Ethers are class of organic compounds that contain ether group – an oxygen atom connected to two alkyl groups or aryl groups. They have the general formula R – O – R′, where R and R′ represents the alkyl or aryl groups. Ether, like water have a tetrahedral geometry i.e., oxygen is sp3 hybridised. The C – O – C bond angle in ethers is slightly greater than the tetrahedral angle due to repulsive interactions between the two bulky groups when they are attached to oxygen.

Which of the following cannot be made by using Williamson Synthesis?

Di-tert-Butyl ether

The correct answer is option 4. Di-tert-Butyl ether.

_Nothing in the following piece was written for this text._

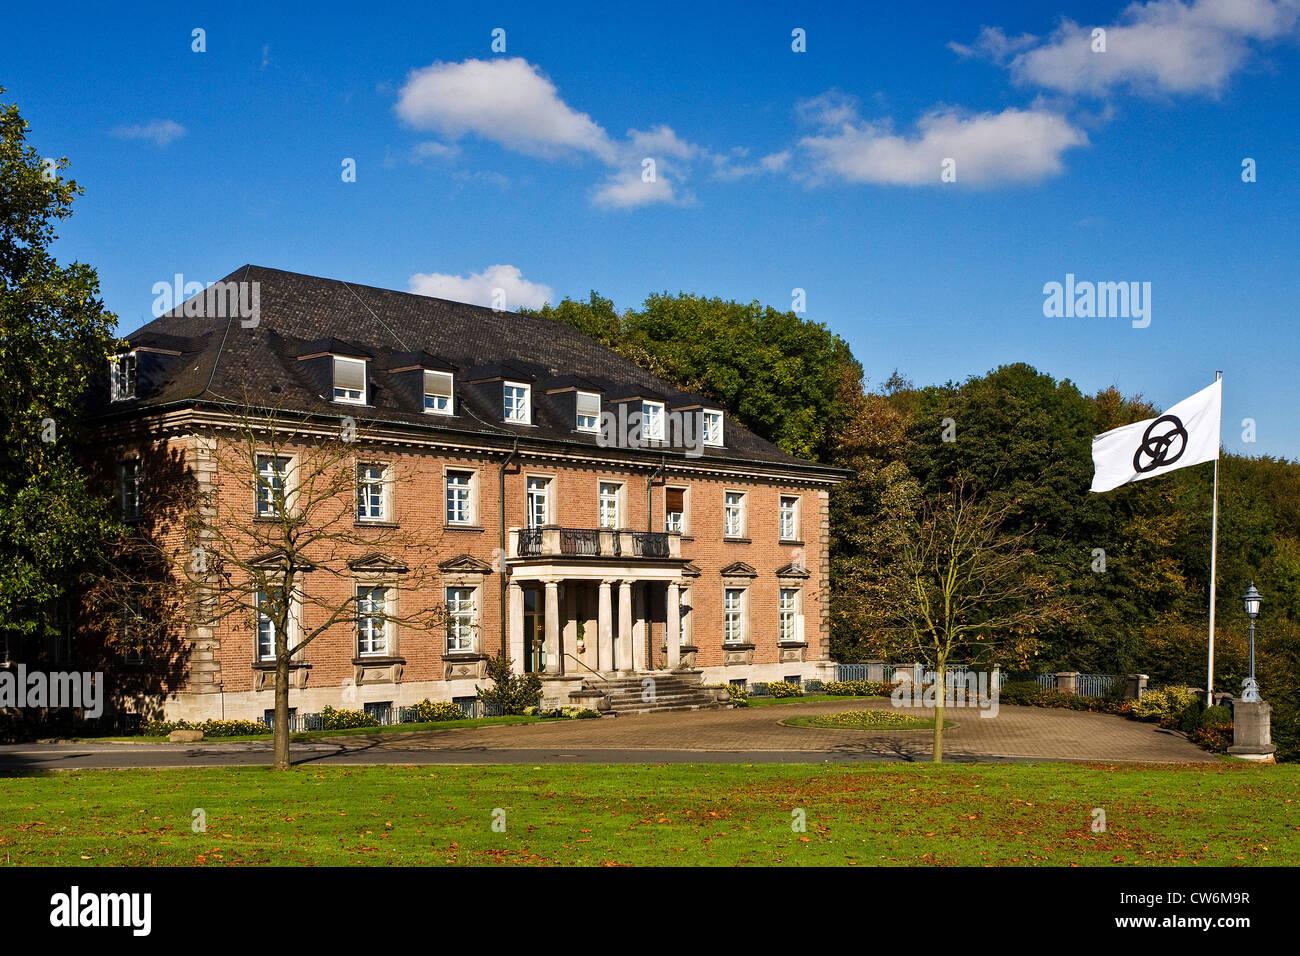 domicile of foundation Alfred Krupp von Bohlen und Halbach on the area of Villa Huegel, Germany, North Rhine-Westphalia, - Stock Image
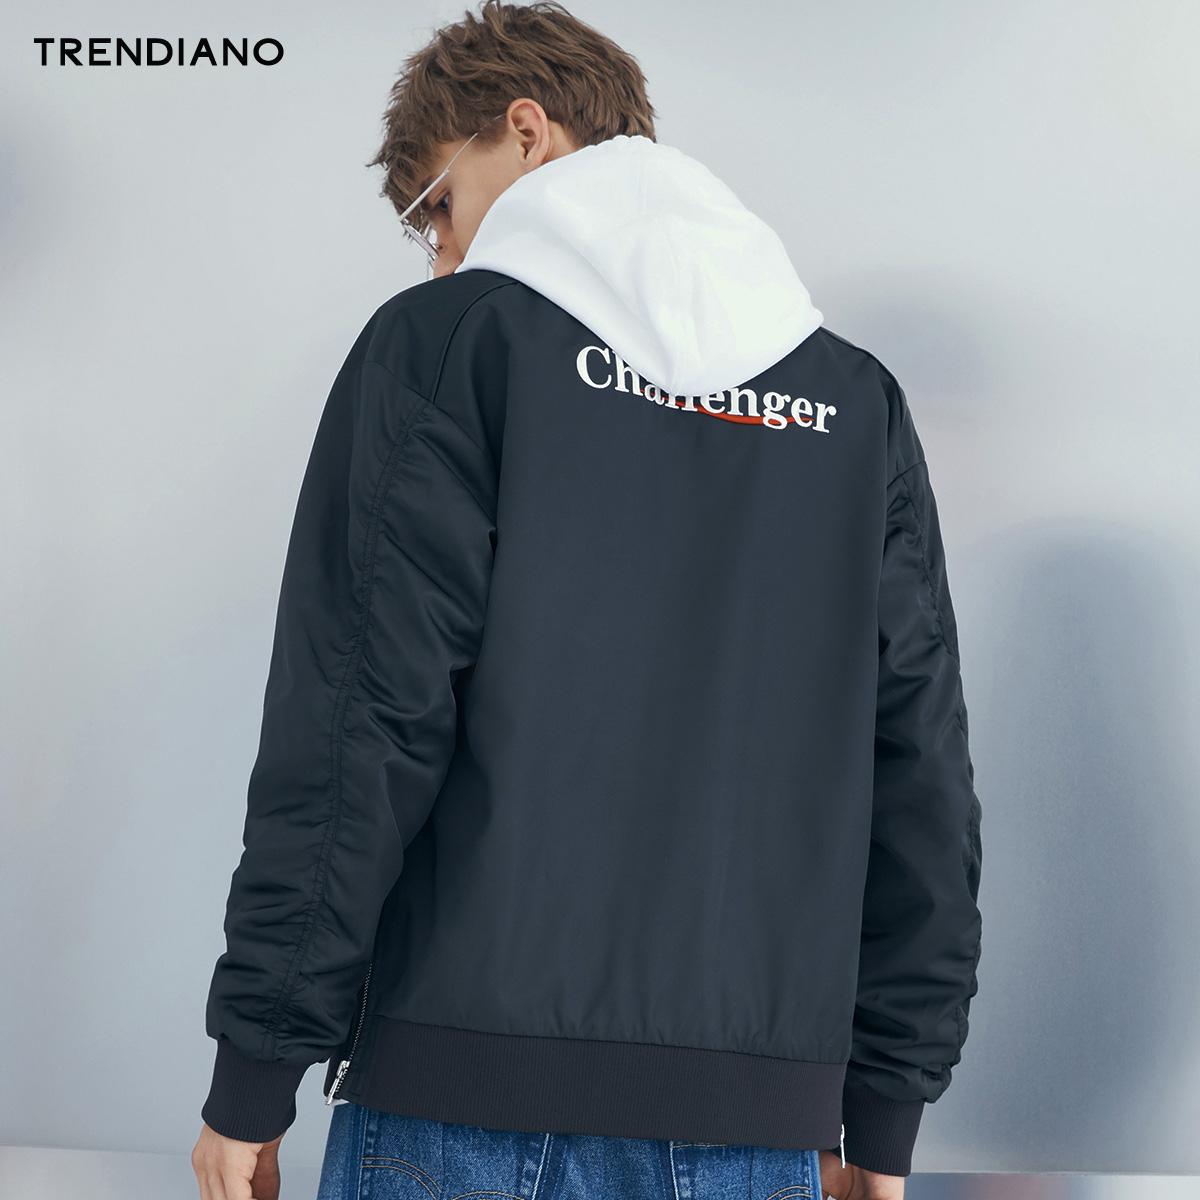 TRENDIANO男装秋装字母刺绣宽松棒球服夹克外套3GC304732P图片

3°-alkylhalide do not form ether actually they undergo elimination reaction. Here, out of the given options only Di-tert-Butyl ether is a 3°-alkylhalide and will not undergo Williamson synthesis.

In the Williamson Ether Synthesis, an alkyl halide (or sulfonate, such as a tosylate or mesylate) undergoes nucleophilic substitution $(S_N2)$ by an alkoxide to give an ether. Being an $S_N2$ reaction, best results are obtained with primary alkyl halides or methyl halides. Tertiary alkyl halides give elimination instead of ethers. Secondary alkyl halides will give a mixture of elimination and substitution. The alkoxide $RO^–$ can be those of methyl, primary, secondary, or tertiary alcohols. The reaction is often run with a mixture of the alkoxide and its parent alcohol (e.g. $NaOEt/EtOH$or $CH_3ONa/CH_3OH$). Alternatively, a strong base may be added to the alcohol to give the alkoxide. Sodium hydride (NaH) or potassium hydride $(KH)$ are popular choices. When an alkoxide and alkyl halide are present on the same molecule, an intramolecular reaction may result to give a new ring. This works best for 5- and 6-membered rings. When planning the synthesis of ethers using the Williamson, take care to select the best starting materials for an $S_N2$ reaction.

The Williamson ether synthesis is a substitution reaction, where a bond is formed and broken on the same carbon atom. In this substitution reaction, a new $C-O$ bond is formed, and a bond is broken between the carbon and the leaving group (LG) which is typically a halide or sulfonate.

It proceeds through an $S_N2$ mechanism (nucleophilic substitution, bimolecular) where the nucleophile approaches the carbon atom from the backside of the carbon-leaving group bond.

A pair of electrons from the nucleophile are donated into the sigma* (antibonding) orbital of the C-leaving group bond.

This requires that the nucleophile actually makes its way to the orbital on the backside of the carbon! For this reason the $S_N2$ is fastest for methyl and primary alkyl halides, and does not occur on tertiary alkyl halides due to the fact that nucleophiles can’t make their way through the tangled thicket of alkyl groups on the backside.

Substitution reactions of alkoxides with secondary alkyl halides can occur, but often occur with significant elimination through the $E_2$ pathway.